◆ Task brief:
Output all of the entries exactly as they are given.

Items from a data source:
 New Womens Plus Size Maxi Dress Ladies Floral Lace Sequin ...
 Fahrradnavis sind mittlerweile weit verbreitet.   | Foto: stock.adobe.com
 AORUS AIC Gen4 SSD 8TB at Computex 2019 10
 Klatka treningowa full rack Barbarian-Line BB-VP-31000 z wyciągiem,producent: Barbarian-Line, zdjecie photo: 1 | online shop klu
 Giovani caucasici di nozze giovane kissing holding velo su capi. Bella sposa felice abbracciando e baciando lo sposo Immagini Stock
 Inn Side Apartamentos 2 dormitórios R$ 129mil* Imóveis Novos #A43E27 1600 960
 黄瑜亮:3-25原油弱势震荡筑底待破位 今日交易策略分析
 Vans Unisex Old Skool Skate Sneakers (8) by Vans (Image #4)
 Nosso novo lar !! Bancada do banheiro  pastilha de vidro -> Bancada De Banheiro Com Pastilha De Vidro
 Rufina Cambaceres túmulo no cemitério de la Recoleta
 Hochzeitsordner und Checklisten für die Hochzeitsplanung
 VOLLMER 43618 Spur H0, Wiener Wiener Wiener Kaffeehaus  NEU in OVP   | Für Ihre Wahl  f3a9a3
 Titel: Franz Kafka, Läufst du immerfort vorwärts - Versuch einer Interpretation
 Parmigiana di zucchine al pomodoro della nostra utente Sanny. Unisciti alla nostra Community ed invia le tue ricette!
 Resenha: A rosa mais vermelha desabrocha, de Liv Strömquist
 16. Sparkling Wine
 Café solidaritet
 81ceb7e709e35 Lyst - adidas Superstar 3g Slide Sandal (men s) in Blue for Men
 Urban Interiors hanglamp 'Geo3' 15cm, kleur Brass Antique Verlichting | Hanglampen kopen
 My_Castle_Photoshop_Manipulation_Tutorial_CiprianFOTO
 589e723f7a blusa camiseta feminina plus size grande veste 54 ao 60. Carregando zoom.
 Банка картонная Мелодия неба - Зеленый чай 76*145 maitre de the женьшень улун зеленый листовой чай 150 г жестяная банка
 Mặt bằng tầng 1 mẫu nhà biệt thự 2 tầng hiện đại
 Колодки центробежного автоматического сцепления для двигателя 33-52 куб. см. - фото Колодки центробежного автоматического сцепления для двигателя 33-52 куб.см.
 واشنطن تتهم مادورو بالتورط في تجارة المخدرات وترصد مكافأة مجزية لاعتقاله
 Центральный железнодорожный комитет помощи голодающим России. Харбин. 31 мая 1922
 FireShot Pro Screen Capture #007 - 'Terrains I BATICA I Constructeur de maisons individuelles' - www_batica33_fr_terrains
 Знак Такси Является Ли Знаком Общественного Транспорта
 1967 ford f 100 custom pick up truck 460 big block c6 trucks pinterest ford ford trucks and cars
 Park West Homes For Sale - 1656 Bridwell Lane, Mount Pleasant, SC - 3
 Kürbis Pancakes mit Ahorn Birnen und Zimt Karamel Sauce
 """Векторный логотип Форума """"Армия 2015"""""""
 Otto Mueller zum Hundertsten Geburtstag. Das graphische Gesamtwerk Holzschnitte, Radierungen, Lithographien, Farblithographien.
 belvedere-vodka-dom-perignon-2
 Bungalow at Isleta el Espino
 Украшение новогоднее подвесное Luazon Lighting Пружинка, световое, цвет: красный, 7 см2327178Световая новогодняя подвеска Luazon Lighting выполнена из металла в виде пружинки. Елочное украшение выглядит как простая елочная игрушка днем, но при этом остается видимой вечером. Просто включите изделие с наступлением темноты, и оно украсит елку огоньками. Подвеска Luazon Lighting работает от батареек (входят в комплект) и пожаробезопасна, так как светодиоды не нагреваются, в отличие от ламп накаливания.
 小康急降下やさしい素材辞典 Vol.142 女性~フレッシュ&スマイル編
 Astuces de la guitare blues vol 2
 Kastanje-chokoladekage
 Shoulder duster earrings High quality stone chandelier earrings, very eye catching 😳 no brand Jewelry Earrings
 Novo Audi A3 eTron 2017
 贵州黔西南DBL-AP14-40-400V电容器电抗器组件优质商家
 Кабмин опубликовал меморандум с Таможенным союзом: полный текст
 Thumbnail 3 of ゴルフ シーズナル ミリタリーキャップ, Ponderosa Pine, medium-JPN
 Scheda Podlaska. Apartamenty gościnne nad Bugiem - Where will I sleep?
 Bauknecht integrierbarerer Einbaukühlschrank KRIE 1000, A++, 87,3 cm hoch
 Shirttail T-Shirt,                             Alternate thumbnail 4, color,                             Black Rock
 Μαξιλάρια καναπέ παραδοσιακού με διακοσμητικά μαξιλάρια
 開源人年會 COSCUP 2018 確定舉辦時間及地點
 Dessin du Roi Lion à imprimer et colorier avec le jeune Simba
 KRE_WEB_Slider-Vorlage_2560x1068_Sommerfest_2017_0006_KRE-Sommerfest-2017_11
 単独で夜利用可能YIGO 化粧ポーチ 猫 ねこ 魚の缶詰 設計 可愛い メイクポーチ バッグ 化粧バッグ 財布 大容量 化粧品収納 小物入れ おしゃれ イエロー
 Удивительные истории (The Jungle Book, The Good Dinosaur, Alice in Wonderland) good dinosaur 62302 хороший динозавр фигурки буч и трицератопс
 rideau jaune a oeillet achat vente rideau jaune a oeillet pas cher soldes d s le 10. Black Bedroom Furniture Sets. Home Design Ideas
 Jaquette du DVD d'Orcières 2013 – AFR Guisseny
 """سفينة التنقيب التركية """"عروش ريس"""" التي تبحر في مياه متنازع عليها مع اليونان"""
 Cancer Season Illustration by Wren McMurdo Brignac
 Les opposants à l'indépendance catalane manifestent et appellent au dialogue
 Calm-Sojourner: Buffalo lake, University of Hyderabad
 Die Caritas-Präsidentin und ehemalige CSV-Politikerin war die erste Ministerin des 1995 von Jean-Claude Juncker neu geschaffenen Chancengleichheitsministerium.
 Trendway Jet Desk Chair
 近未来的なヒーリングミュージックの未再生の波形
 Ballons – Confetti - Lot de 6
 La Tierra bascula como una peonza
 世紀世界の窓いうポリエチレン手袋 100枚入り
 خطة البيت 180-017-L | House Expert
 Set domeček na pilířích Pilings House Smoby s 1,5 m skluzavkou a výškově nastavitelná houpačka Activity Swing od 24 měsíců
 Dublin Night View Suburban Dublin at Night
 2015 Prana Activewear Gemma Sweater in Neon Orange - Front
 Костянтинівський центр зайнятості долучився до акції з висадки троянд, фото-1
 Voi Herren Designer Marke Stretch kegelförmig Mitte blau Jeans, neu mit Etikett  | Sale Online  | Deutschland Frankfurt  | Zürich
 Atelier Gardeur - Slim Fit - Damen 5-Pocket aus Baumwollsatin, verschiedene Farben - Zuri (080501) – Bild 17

◆ Task response:
 New Womens Plus Size Maxi Dress Ladies Floral Lace Sequin ...
 Fahrradnavis sind mittlerweile weit verbreitet.   | Foto: stock.adobe.com
 AORUS AIC Gen4 SSD 8TB at Computex 2019 10
 Klatka treningowa full rack Barbarian-Line BB-VP-31000 z wyciągiem,producent: Barbarian-Line, zdjecie photo: 1 | online shop klu
 Giovani caucasici di nozze giovane kissing holding velo su capi. Bella sposa felice abbracciando e baciando lo sposo Immagini Stock
 Inn Side Apartamentos 2 dormitórios R$ 129mil* Imóveis Novos #A43E27 1600 960
 黄瑜亮:3-25原油弱势震荡筑底待破位 今日交易策略分析
 Vans Unisex Old Skool Skate Sneakers (8) by Vans (Image #4)
 Nosso novo lar !! Bancada do banheiro  pastilha de vidro -> Bancada De Banheiro Com Pastilha De Vidro
 Rufina Cambaceres túmulo no cemitério de la Recoleta
 Hochzeitsordner und Checklisten für die Hochzeitsplanung
 VOLLMER 43618 Spur H0, Wiener Wiener Wiener Kaffeehaus  NEU in OVP   | Für Ihre Wahl  f3a9a3
 Titel: Franz Kafka, Läufst du immerfort vorwärts - Versuch einer Interpretation
 Parmigiana di zucchine al pomodoro della nostra utente Sanny. Unisciti alla nostra Community ed invia le tue ricette!
 Resenha: A rosa mais vermelha desabrocha, de Liv Strömquist
 16. Sparkling Wine
 Café solidaritet
 81ceb7e709e35 Lyst - adidas Superstar 3g Slide Sandal (men s) in Blue for Men
 Urban Interiors hanglamp 'Geo3' 15cm, kleur Brass Antique Verlichting | Hanglampen kopen
 My_Castle_Photoshop_Manipulation_Tutorial_CiprianFOTO
 589e723f7a blusa camiseta feminina plus size grande veste 54 ao 60. Carregando zoom.
 Банка картонная Мелодия неба - Зеленый чай 76*145 maitre de the женьшень улун зеленый листовой чай 150 г жестяная банка
 Mặt bằng tầng 1 mẫu nhà biệt thự 2 tầng hiện đại
 Колодки центробежного автоматического сцепления для двигателя 33-52 куб. см. - фото Колодки центробежного автоматического сцепления для двигателя 33-52 куб.см.
 واشنطن تتهم مادورو بالتورط في تجارة المخدرات وترصد مكافأة مجزية لاعتقاله
 Центральный железнодорожный комитет помощи голодающим России. Харбин. 31 мая 1922
 FireShot Pro Screen Capture #007 - 'Terrains I BATICA I Constructeur de maisons individuelles' - www_batica33_fr_terrains
 Знак Такси Является Ли Знаком Общественного Транспорта
 1967 ford f 100 custom pick up truck 460 big block c6 trucks pinterest ford ford trucks and cars
 Park West Homes For Sale - 1656 Bridwell Lane, Mount Pleasant, SC - 3
 Kürbis Pancakes mit Ahorn Birnen und Zimt Karamel Sauce
 """Векторный логотип Форума """"Армия 2015"""""""
 Otto Mueller zum Hundertsten Geburtstag. Das graphische Gesamtwerk Holzschnitte, Radierungen, Lithographien, Farblithographien.
 belvedere-vodka-dom-perignon-2
 Bungalow at Isleta el Espino
 Украшение новогоднее подвесное Luazon Lighting Пружинка, световое, цвет: красный, 7 см2327178Световая новогодняя подвеска Luazon Lighting выполнена из металла в виде пружинки. Елочное украшение выглядит как простая елочная игрушка днем, но при этом остается видимой вечером. Просто включите изделие с наступлением темноты, и оно украсит елку огоньками. Подвеска Luazon Lighting работает от батареек (входят в комплект) и пожаробезопасна, так как светодиоды не нагреваются, в отличие от ламп накаливания.
 小康急降下やさしい素材辞典 Vol.142 女性~フレッシュ&スマイル編
 Astuces de la guitare blues vol 2
 Kastanje-chokoladekage
 Shoulder duster earrings High quality stone chandelier earrings, very eye catching 😳 no brand Jewelry Earrings
 Novo Audi A3 eTron 2017
 贵州黔西南DBL-AP14-40-400V电容器电抗器组件优质商家
 Кабмин опубликовал меморандум с Таможенным союзом: полный текст
 Thumbnail 3 of ゴルフ シーズナル ミリタリーキャップ, Ponderosa Pine, medium-JPN
 Scheda Podlaska. Apartamenty gościnne nad Bugiem - Where will I sleep?
 Bauknecht integrierbarerer Einbaukühlschrank KRIE 1000, A++, 87,3 cm hoch
 Shirttail T-Shirt,                             Alternate thumbnail 4, color,                             Black Rock
 Μαξιλάρια καναπέ παραδοσιακού με διακοσμητικά μαξιλάρια
 開源人年會 COSCUP 2018 確定舉辦時間及地點
 Dessin du Roi Lion à imprimer et colorier avec le jeune Simba
 KRE_WEB_Slider-Vorlage_2560x1068_Sommerfest_2017_0006_KRE-Sommerfest-2017_11
 単独で夜利用可能YIGO 化粧ポーチ 猫 ねこ 魚の缶詰 設計 可愛い メイクポーチ バッグ 化粧バッグ 財布 大容量 化粧品収納 小物入れ おしゃれ イエロー
 Удивительные истории (The Jungle Book, The Good Dinosaur, Alice in Wonderland) good dinosaur 62302 хороший динозавр фигурки буч и трицератопс
 rideau jaune a oeillet achat vente rideau jaune a oeillet pas cher soldes d s le 10. Black Bedroom Furniture Sets. Home Design Ideas
 Jaquette du DVD d'Orcières 2013 – AFR Guisseny
 """سفينة التنقيب التركية """"عروش ريس"""" التي تبحر في مياه متنازع عليها مع اليونان"""
 Cancer Season Illustration by Wren McMurdo Brignac
 Les opposants à l'indépendance catalane manifestent et appellent au dialogue
 Calm-Sojourner: Buffalo lake, University of Hyderabad
 Die Caritas-Präsidentin und ehemalige CSV-Politikerin war die erste Ministerin des 1995 von Jean-Claude Juncker neu geschaffenen Chancengleichheitsministerium.
 Trendway Jet Desk Chair
 近未来的なヒーリングミュージックの未再生の波形
 Ballons – Confetti - Lot de 6
 La Tierra bascula como una peonza
 世紀世界の窓いうポリエチレン手袋 100枚入り
 خطة البيت 180-017-L | House Expert
 Set domeček na pilířích Pilings House Smoby s 1,5 m skluzavkou a výškově nastavitelná houpačka Activity Swing od 24 měsíců
 Dublin Night View Suburban Dublin at Night
 2015 Prana Activewear Gemma Sweater in Neon Orange - Front
 Костянтинівський центр зайнятості долучився до акції з висадки троянд, фото-1
 Voi Herren Designer Marke Stretch kegelförmig Mitte blau Jeans, neu mit Etikett  | Sale Online  | Deutschland Frankfurt  | Zürich
 Atelier Gardeur - Slim Fit - Damen 5-Pocket aus Baumwollsatin, verschiedene Farben - Zuri (080501) – Bild 17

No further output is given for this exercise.